Herman Fisher, Jr., v. John Lederer.

Gen. No. 4,388.

1. Bill or exceptions—when, does not present cause for review. Where the bill of exceptions shows a motion for a new trial but does not show what disposition was made thereof and no exception to the ruling of the court made thereon, no cause for review is presented; sucli motion, likewise, cannot be cured by the recitals of the clerk contained in the record proper.

*290Action, of assumpsit. Appeal from the County Court of Lake County; the Hon. DhWitt L. Jones, Judge; presiding.

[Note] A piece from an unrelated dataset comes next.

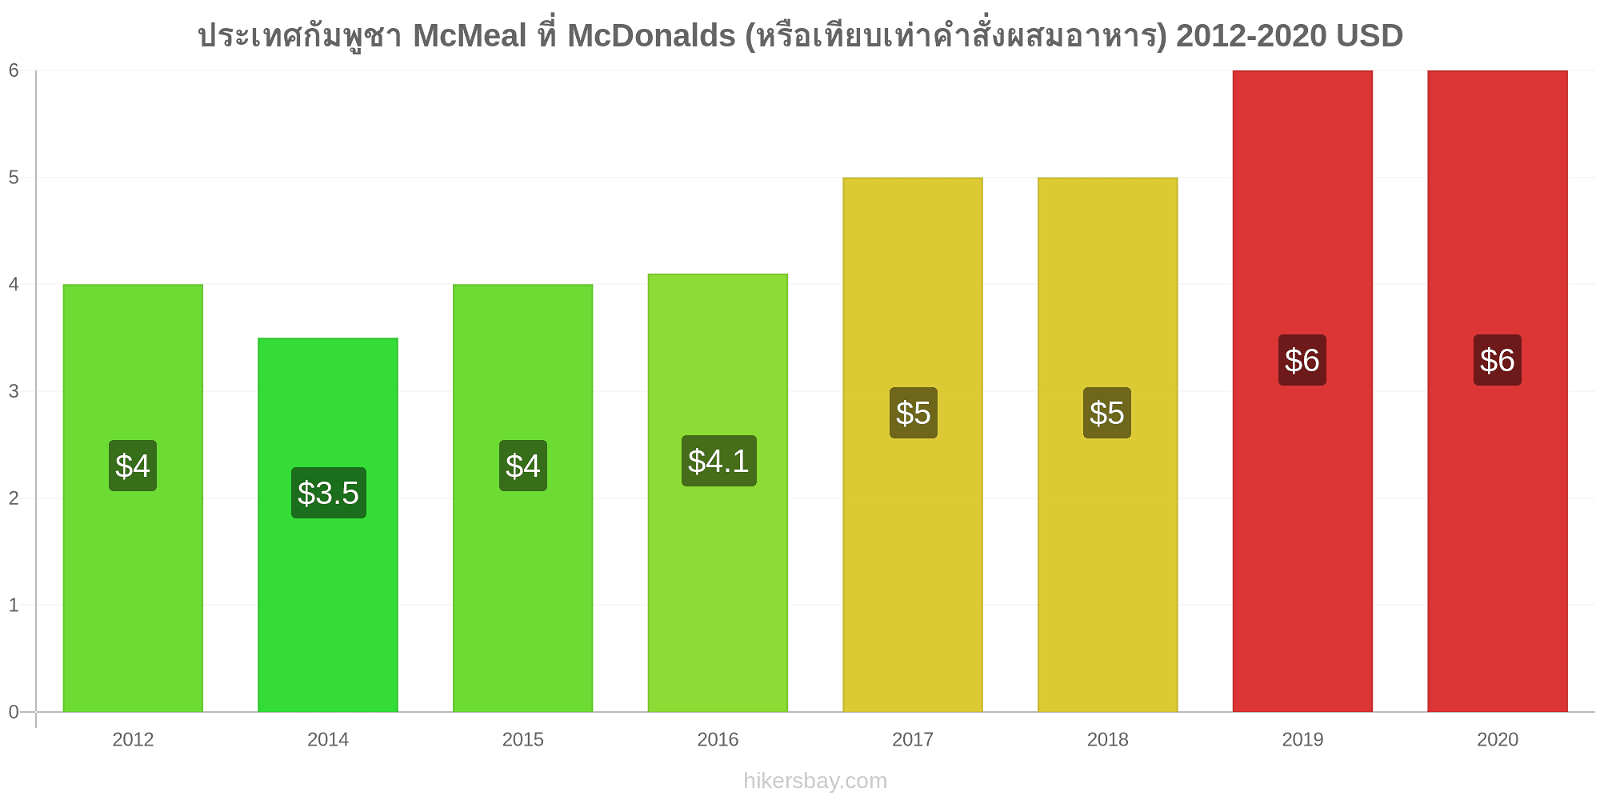 ประเทศกัมพูชา การเปลี่ยนแปลงราคา McMeal ที่ McDonalds (หรือเทียบเท่าคำสั่งผสมอาหาร) hikersbay.com
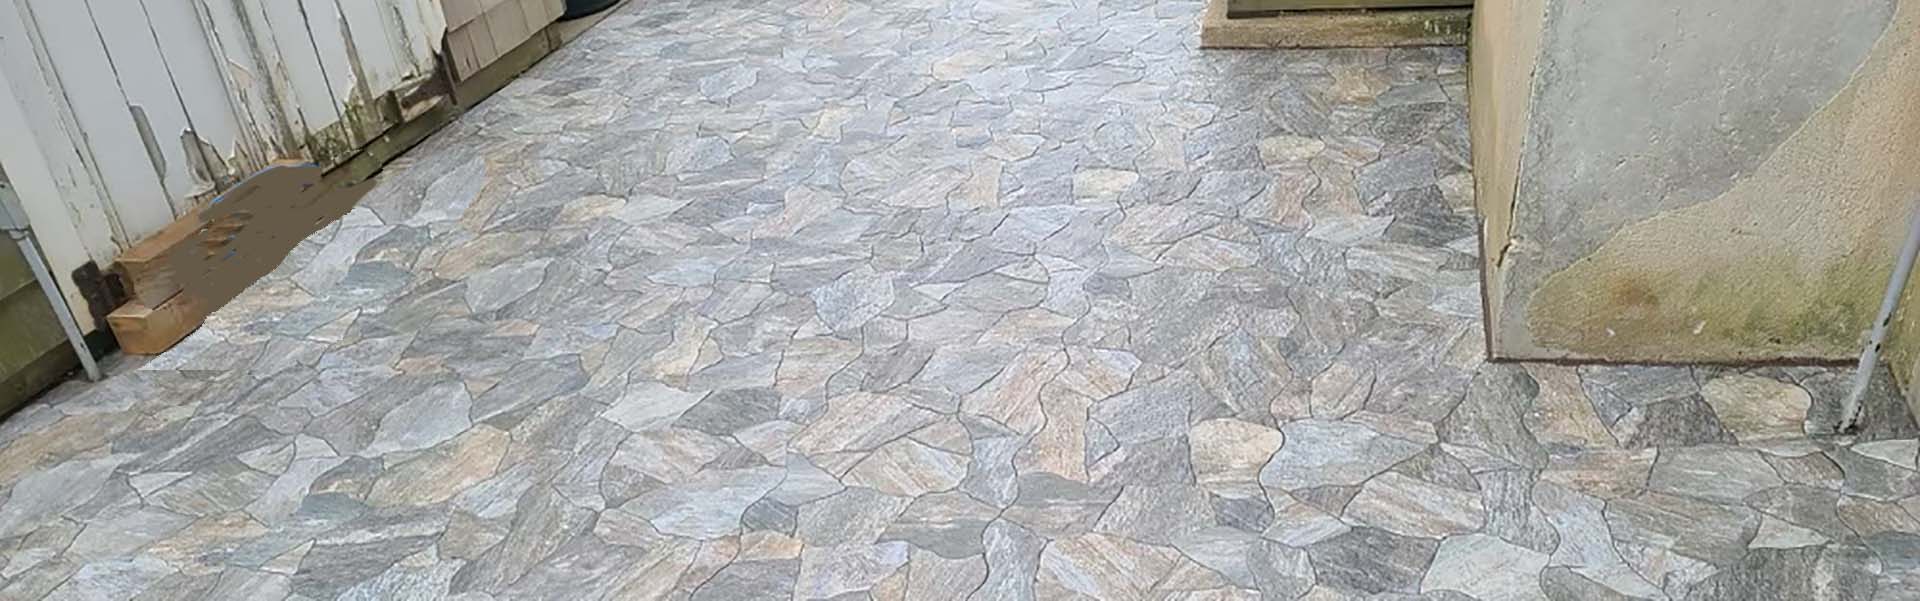 floor tiles installed

Heard in this court at the April term, 1904.

Affirmed.

Opinion filed August 24, 1904.

Benjamin H. Miller, for appellant.

Orvis & Edwards, for appellee.

Mr. Presiding Justice Farmer

delivered the opinion of the court.

This was an action brought by appellee against appellant for money claimed to be due appellee for labor and services rendered appellant. Plaintiff below recovered and defendant brings the ease here by appeal. The recovery was for a balance of $7 claimed to be due appellee for a month’s work from March 3 to April 3,1903, and $20 per month for three months from April 3 to July 3, of the same year. Appellant admits the correctness of the item of $7, but as to the balance of the claim his defense is that he employed appellee to work for him ten months from April 3 for $200; that appellant left without permission and without cause at the end of three months, and the contract of employment being an entire contract, no recovery can be had for the time appellee worked. This record presents no question for our determination. The bill of exceptions contains a motion for a new trial but does not show what disposition was made of the motion, and contains no exceptions to the ruling of the court made thereon. There is a recital in the transcript of the record prepared by the clerk of the trial court, that the court overruled the motion and that appellant excepted to the ruling; but it has been repeatedly held that it is not within the power and authority of the clerk to certify that objections were made or exceptions taken to the rulings and actions of the court. This authority rests in the presiding judge alone, and the only way appellant could have brought the rulings of the court in overruling the motion for a new trial and rendering a judgment on the verdict before us, would have been to have excepted to the court’s ruling and have had the exception preserved in the bill of exceptions. People v, *291C. & N. W. Ry. Co., 200 Ill. 289, and cases there cited; Burch v. Goodenough, 110 Ill. App. 603. Bo question, therefore, being presented for our consideration," the judgment of the court below is affirmed.

Affirmed.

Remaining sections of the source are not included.